A surrogate decision maker, also known as a health care proxy or as agents, are advocates for incompetent patients. If a patient is unable to make decisions or decide for themselves about personal health care, someone else must provide direction in decision-making, as the surrogate decision-maker. If there is a durable power of attorney for health care, the agent appointed by that document is authorized to make health care decisions within the scope of authority granted by the document. If people have court-appointed guardians with authority to make health care decisions, the guardian is the authorized surrogate.[1]

Background

At the 1991 Annual Meeting of the American Medical Association, the AMA adopted the report of the Council on Ethical and Judicial Affairs known as, “Decisions to Forgo Life-Sustaining Treatment for Incompetent Patients.” The recommendations of the report were the basis for amendments to Opinion 2.20 known as, “Withholding or Withdrawing Life-Sustaining Medical Treatment.” The report itself provides guidelines for physicians who may have to identify a surrogate decision maker, assist a surrogate (proxy) in making decisions for incompetent patients, and resolve conflicts that may arise between decision makers, or between the decision maker’s choice and medically appropriate options. Since the first incorporation of these guidelines to the AMA Code of Medical Ethics, the council has deferred to Opinion 2.20 to address inquiries involving surrogate decision making, even though the guidelines presented in this Opinion refer only to decisions made near the end of life.

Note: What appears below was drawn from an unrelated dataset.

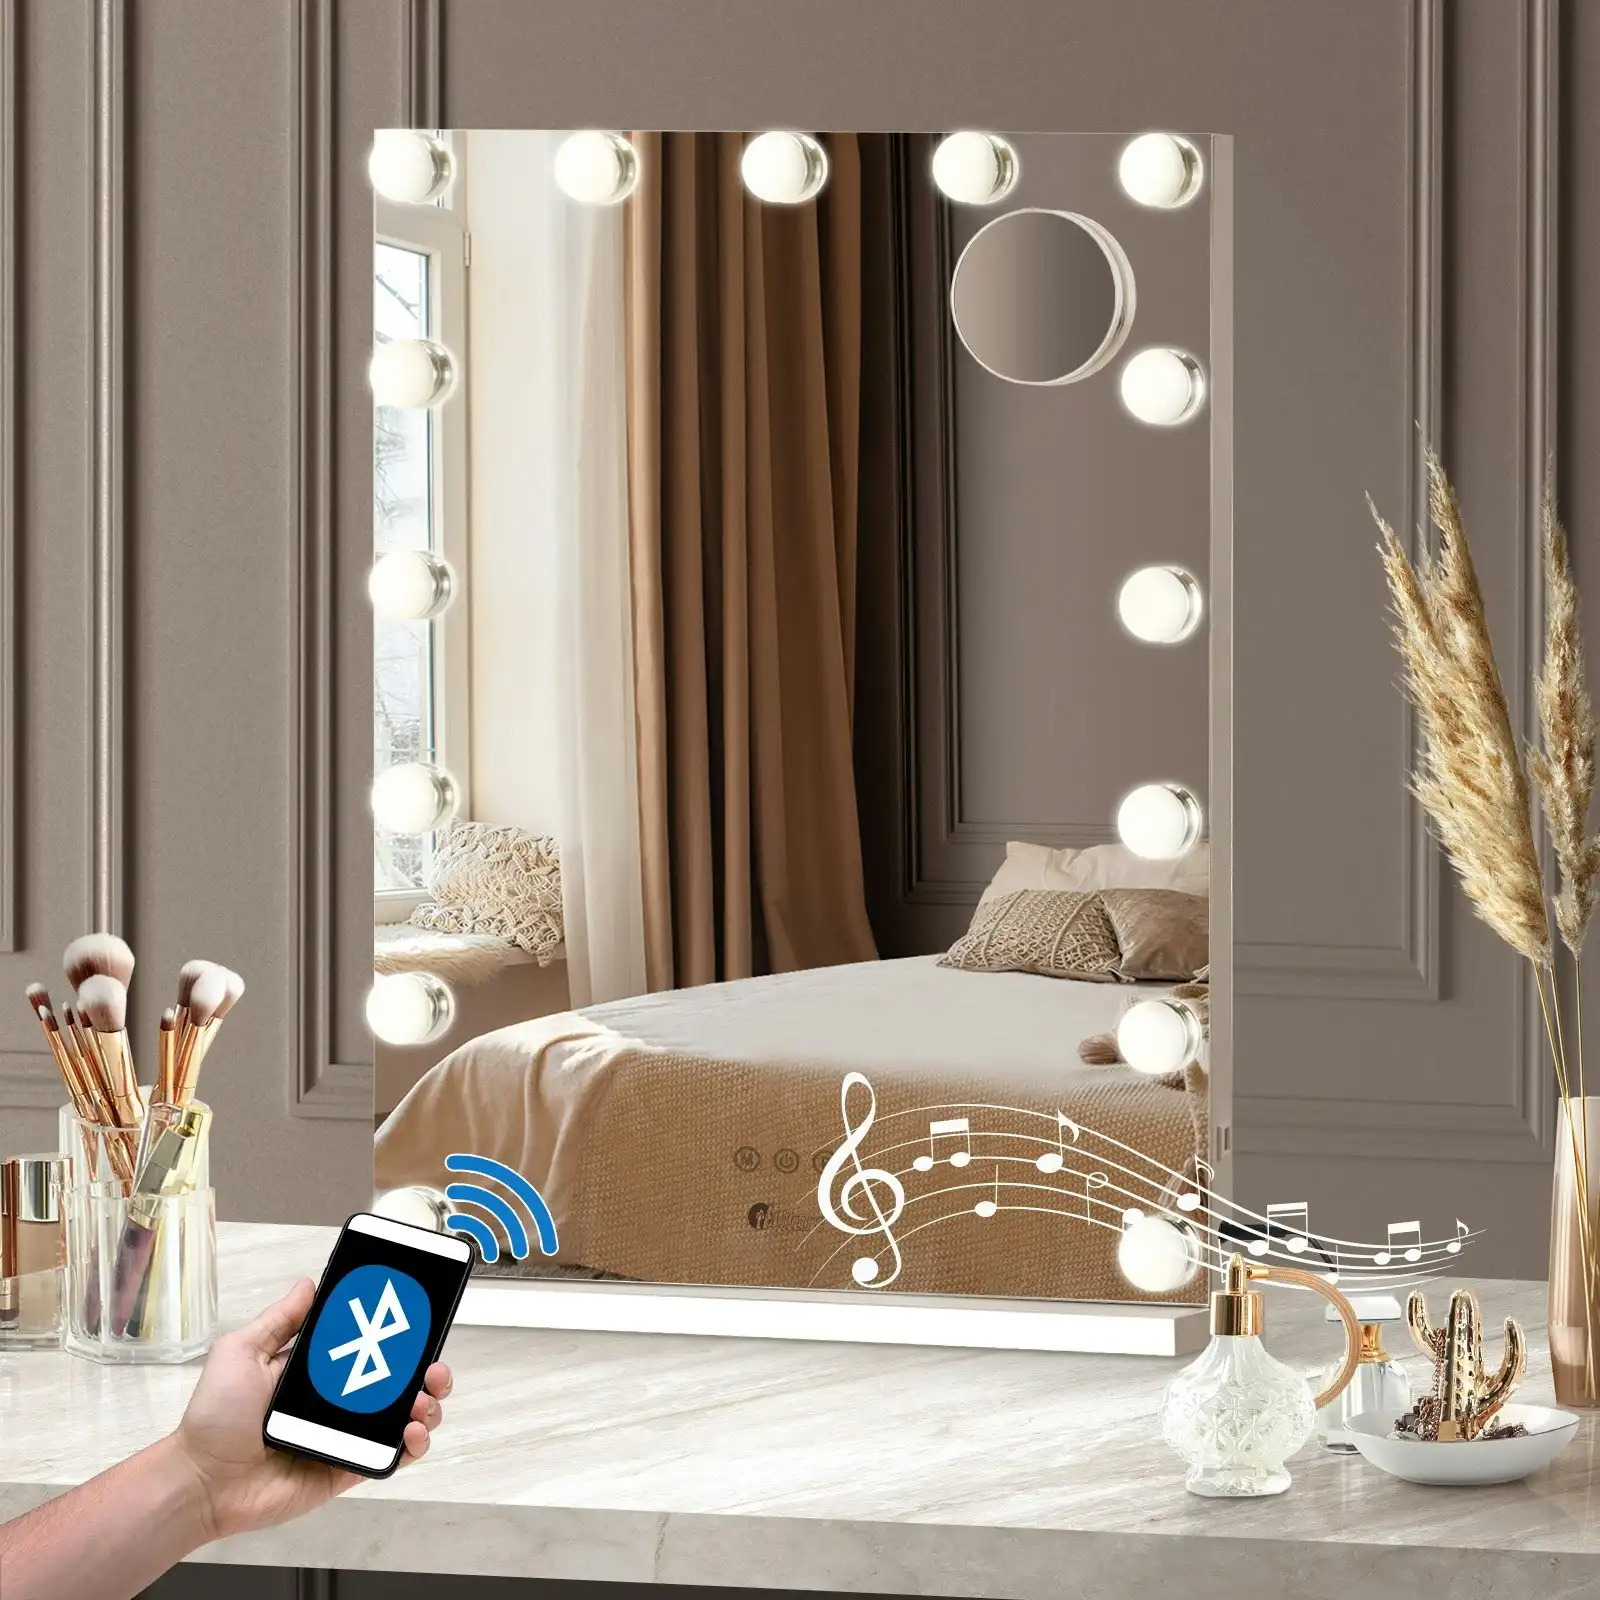 Oikiture 61x43cm LED Makeup Mirror Bluetooth Hollywood Vanity Wall Mirrors Standing Wall Mounted

With continued discussion concerning health care preferences for all patients, including those who are incompetent, greater options have been made available to secure health care directives. The involvement of third parties in a patient’s health becomes more likely in decisions that may occur in instances other than the end of life.

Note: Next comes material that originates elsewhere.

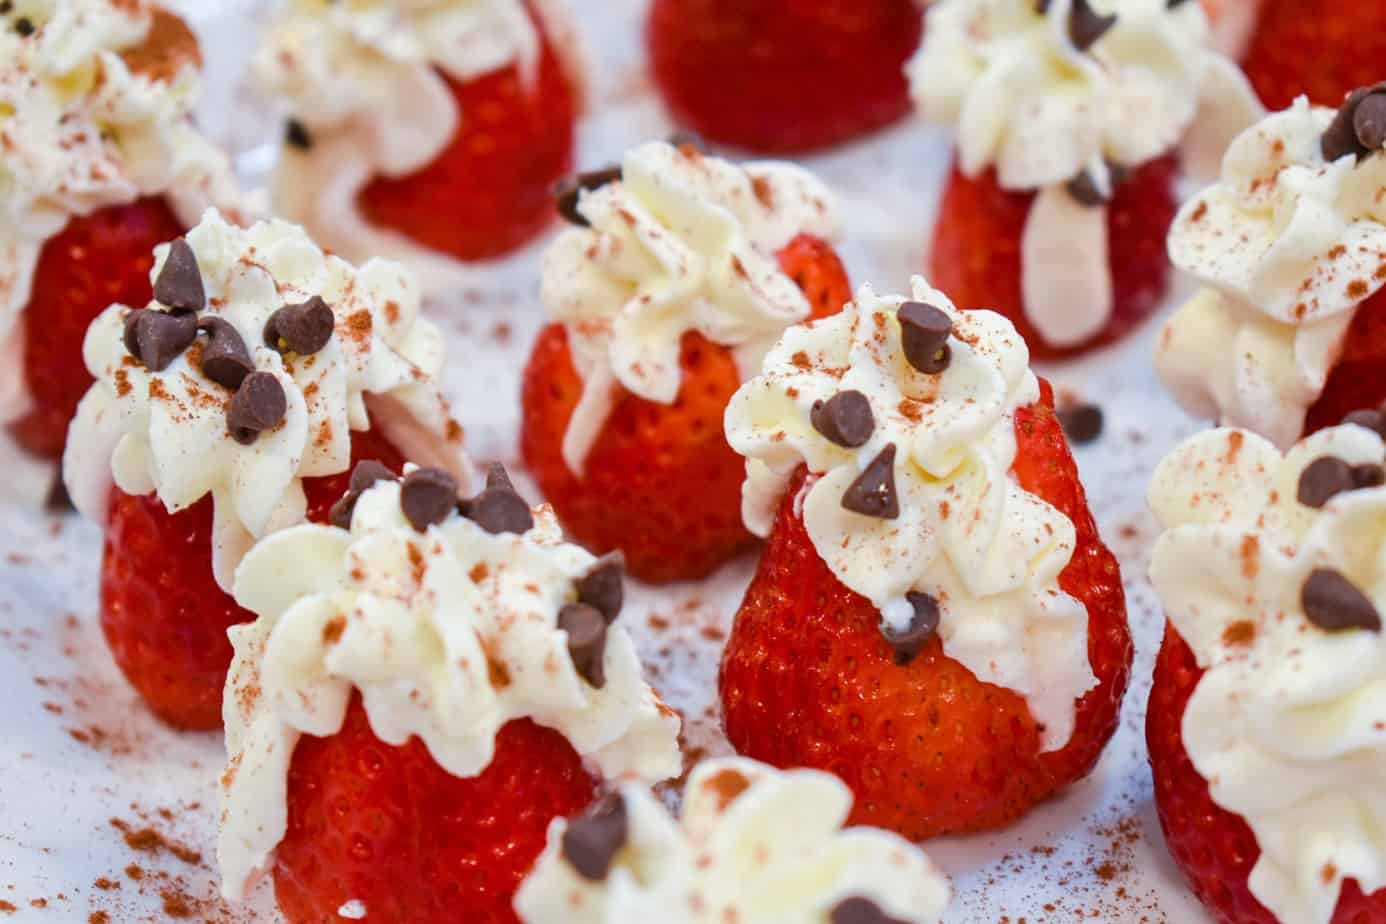 Lots of cannoli cream filled strawberries with mini chocolate chips.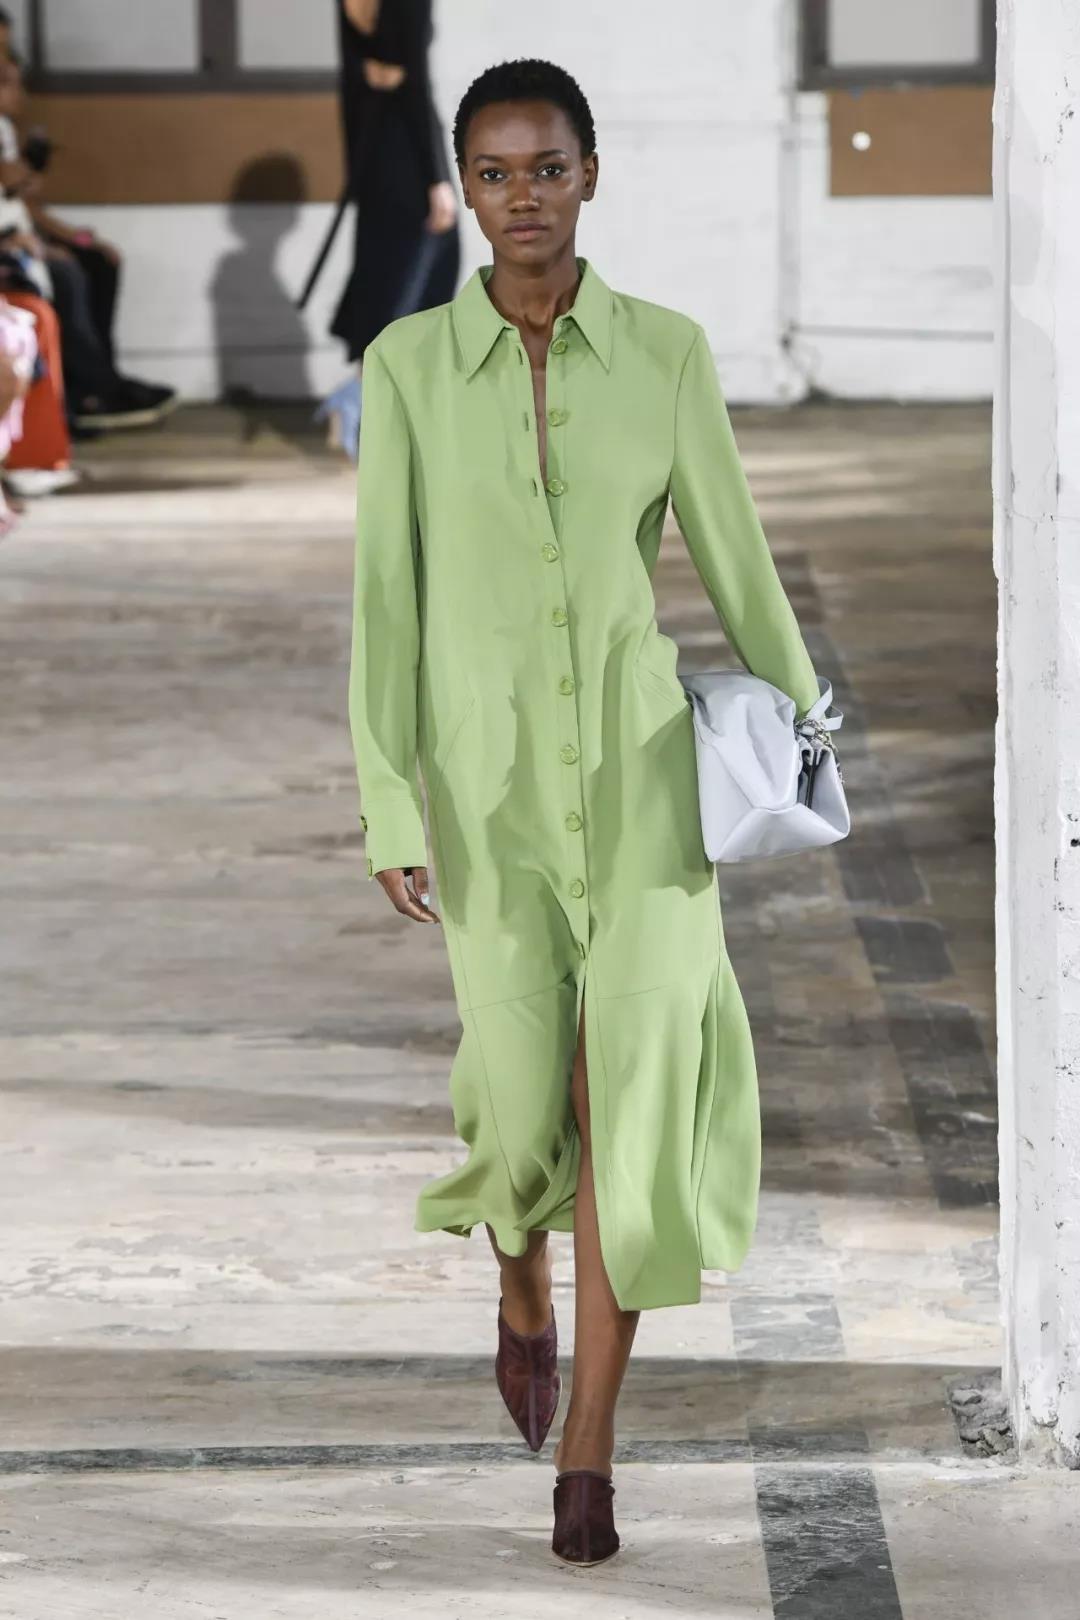 Chic Avocado Green Ideas for Summer 2019 - Fancy Ideas about Everything

In addition, the council recognizes that there is a spectrum of decision-making capacity ranging from immaturity, to mental illness, to serious brain damage, and that health care decisions often must be made for individuals with diminished decisional faculties over extended periods of time. The council offers the following report to expand on its previous guidelines and to identify features related to a meaningful and effective physician-proxy relationship.

The report begins by defining a number of terms related to health care directives before presenting theoretical frameworks used in making decisions for incompetent patients. It then provides a protocol for identifying a surrogate decision maker as well as guidance for physicians who may run into conflict either assisting the surrogate in coming to a decision or with the decision itself. Finally, the report offers guidelines for nurturing an effective physician-proxy relationship.[1]

A study was conducted aiming to describe physicians’ experiences with surrogate communication and decision making for hospitalized adults. It was concluded that physician-surrogate decision making may be enhanced if patients discuss their preferences in advance and if physician contact with surrogate decision makers is facilitated.[2] A further study by the same group of researchers was conducted exploring the degree to which physicians report reliance on patient preferences when making medical decisions for hospitalized patients lacking decisional capacity. Although a majority of physicians identified patient preferences as the most important general ethical guideline for surrogate decision-making, they relied on a variety of factors when making treatment decisions for a patient lacking decisional capacity.[3]

Designating a surrogate decision maker

The Patient Self-Determination Act guarantees a patient’s right to formally designate a surrogate to make treatment decisions for the patient if the patient becomes unable to make their own decisions. A surrogate decision-maker, or durable power of attorney for health care (DPA/HC), must be documented. A common form that is valid in 40 states is Five Wishes.[4][5]

When filing an advance directive, an alternate health care agent should be identified. The surrogate decision maker must be a trusted individual that is able to make crucial decisions on behalf of the advance directive client. The advance directive should also indicate specific instructions for when a patient is incapacitated. Treatment options should be examined and discussed with a physician, attorney, and family members. Common instructions might include instruction surrounding the use of a feeding tube. The client's inclinations must be clearly written, and the health care agent should fully understand the instructions given as well as how to execute them.[6]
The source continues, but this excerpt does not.